I have been doing a lot of bug fixing and cleanup of mbstring over at #6052. However, I didn't anticipate how deep the mbstring rabbit hole is, and that PR has ballooned beyond all reasonable limits. Therefore, I am opening another one with some fixes and simplifications which can hopefully go in more quickly.

This PR aims to simplify mbstring by eliminating the use of mbfl_identify_filter (as discussed with @nikic elsewhere). A couple other things also had to be fixed for all the tests to pass after removing mbfl_identify_filter...

The removal of byte2/byte4 was not strictly necessary, but made the other work a bit easier.

I made some mistakes on this code, which meant that not everything which should be tested was actually being tested.

There is no meaningful difference between these and UCS-{2,4}. They are just a little bit more lax about passing errors silently. They also have no known use. Alias to UCS-{2,4} in case someone, somewhere is using them.
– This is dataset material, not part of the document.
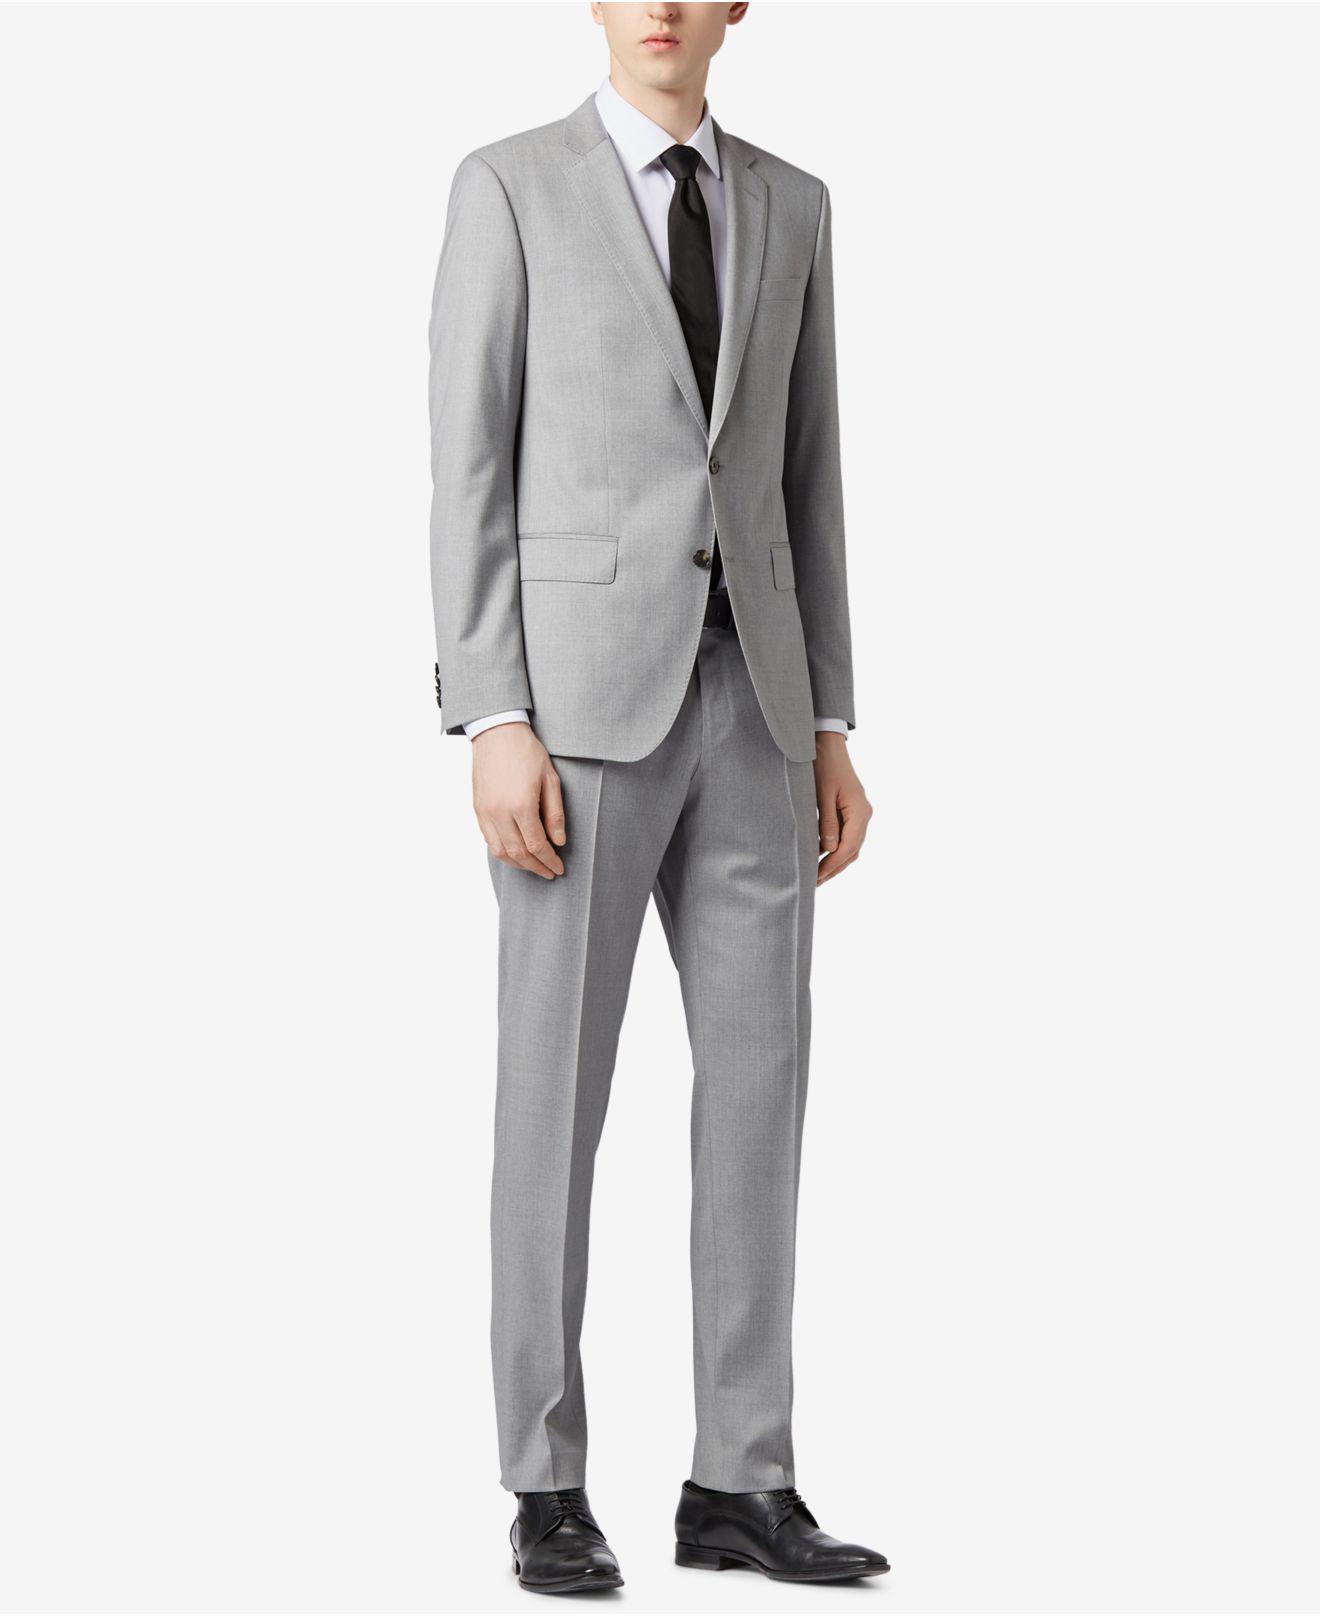 e324e1113 BOSS - Gray Slim-fit Natural Stretch Virgin Wool Suit for Men - Lyst. View  fullscreen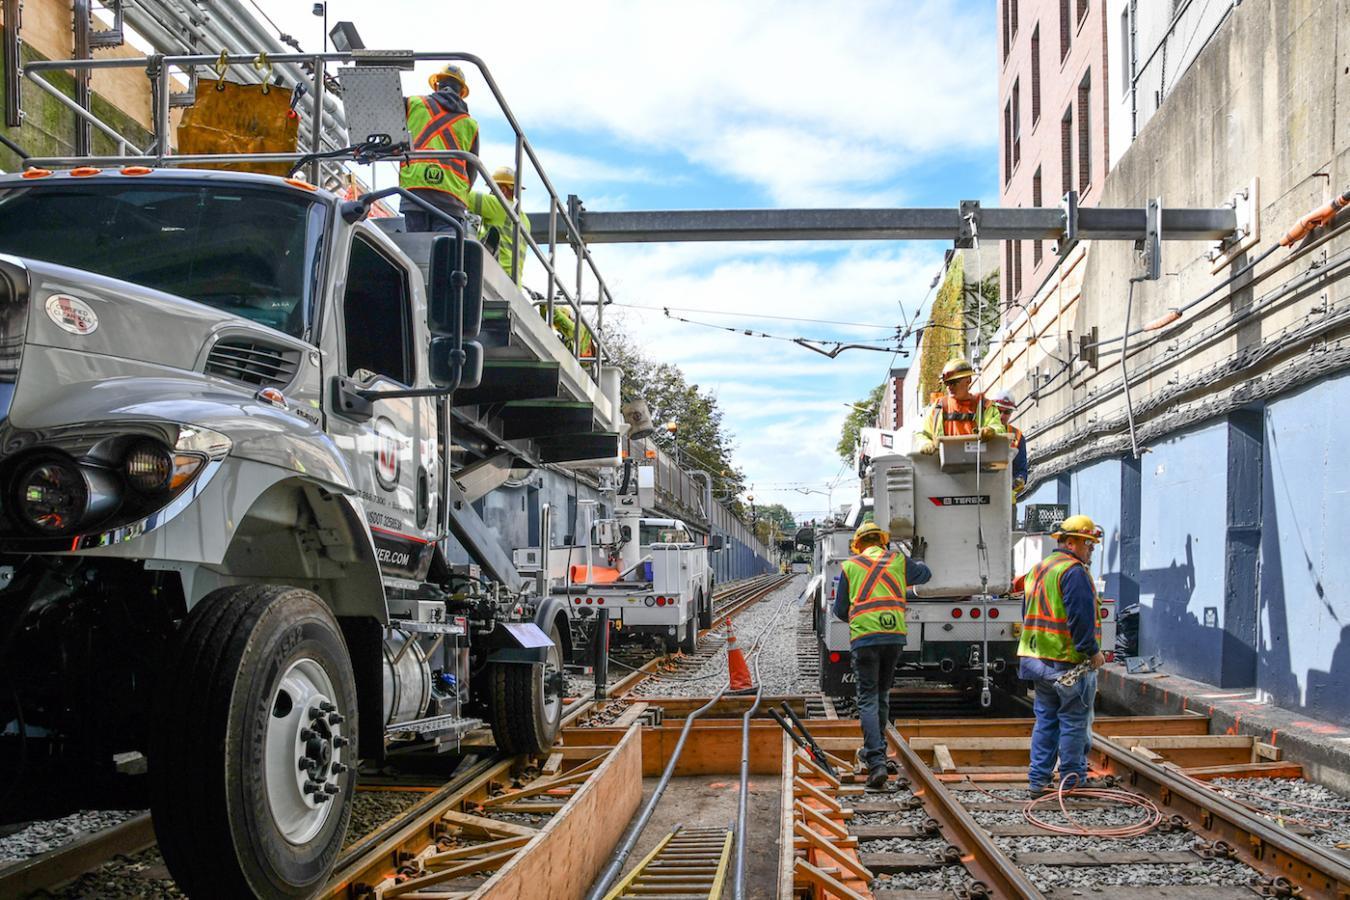 Crews work on the tracks near the Fenway Portal

- Reject otherwise valid kuten codes which don't map to anything in JIS X 0208. - Handle truncated multi-byte characters as an error. - Convert Shift-JIS 0x7E to Unicode 0x203E (overline) as recommended by the Unicode Consortium, and as iconv does. - Convert Shift-JIS 0x5C to Unicode 0xA5 (yen sign) as recommended by the Unicode Consortium, and as iconv does. (NOTE: This will affect PHP scripts which use an internal encoding of Shift-JIS! PHP assigns a special meaning to 0x5C, the backslash. For example, it is used for escapes in double-quoted strings. Mapping the Shift-JIS yen sign to the Unicode yen sign means the yen sign will not be usable for C escapes in double-quoted strings. Japanese PHP programmers who want to write their source code in Shift-JIS for some strange reason will have to use the JIS X 0208 backlash or 'REVERSE SOLIDUS' character for their C escapes.) - Convert Unicode 0x5C (backslash) to Shift-JIS 0x815F (reverse solidus). - Immediately handle error if first Shift-JIS byte is over 0xEF, rather than waiting to see the next byte. (Previously, the value used was 0xFC, which is the limit for the 2nd byte and not the 1st byte of a multi-byte character.) - Don't allow 'control characters' to appear in the middle of a multi-byte character. The test case for bug 47399 is now obsolete. That test assumed that a number of Shift-JIS byte sequences which don't map to any character were 'valid' (because the byte values were within the legal ranges).

- Don't allow control characters to appear in the middle of a multi-byte character. (A strange feature, or perhaps misfeature, of mbstring which is not present in other libraries such as iconv.) - When checking whether string is valid, reject kuten codes which do not map to any character, whether converting from EUC-JP to another encoding, or converting another encoding which uses JIS X 0208/0212 charsets to EUC-JP. - Truncated multi-byte characters are treated as an error.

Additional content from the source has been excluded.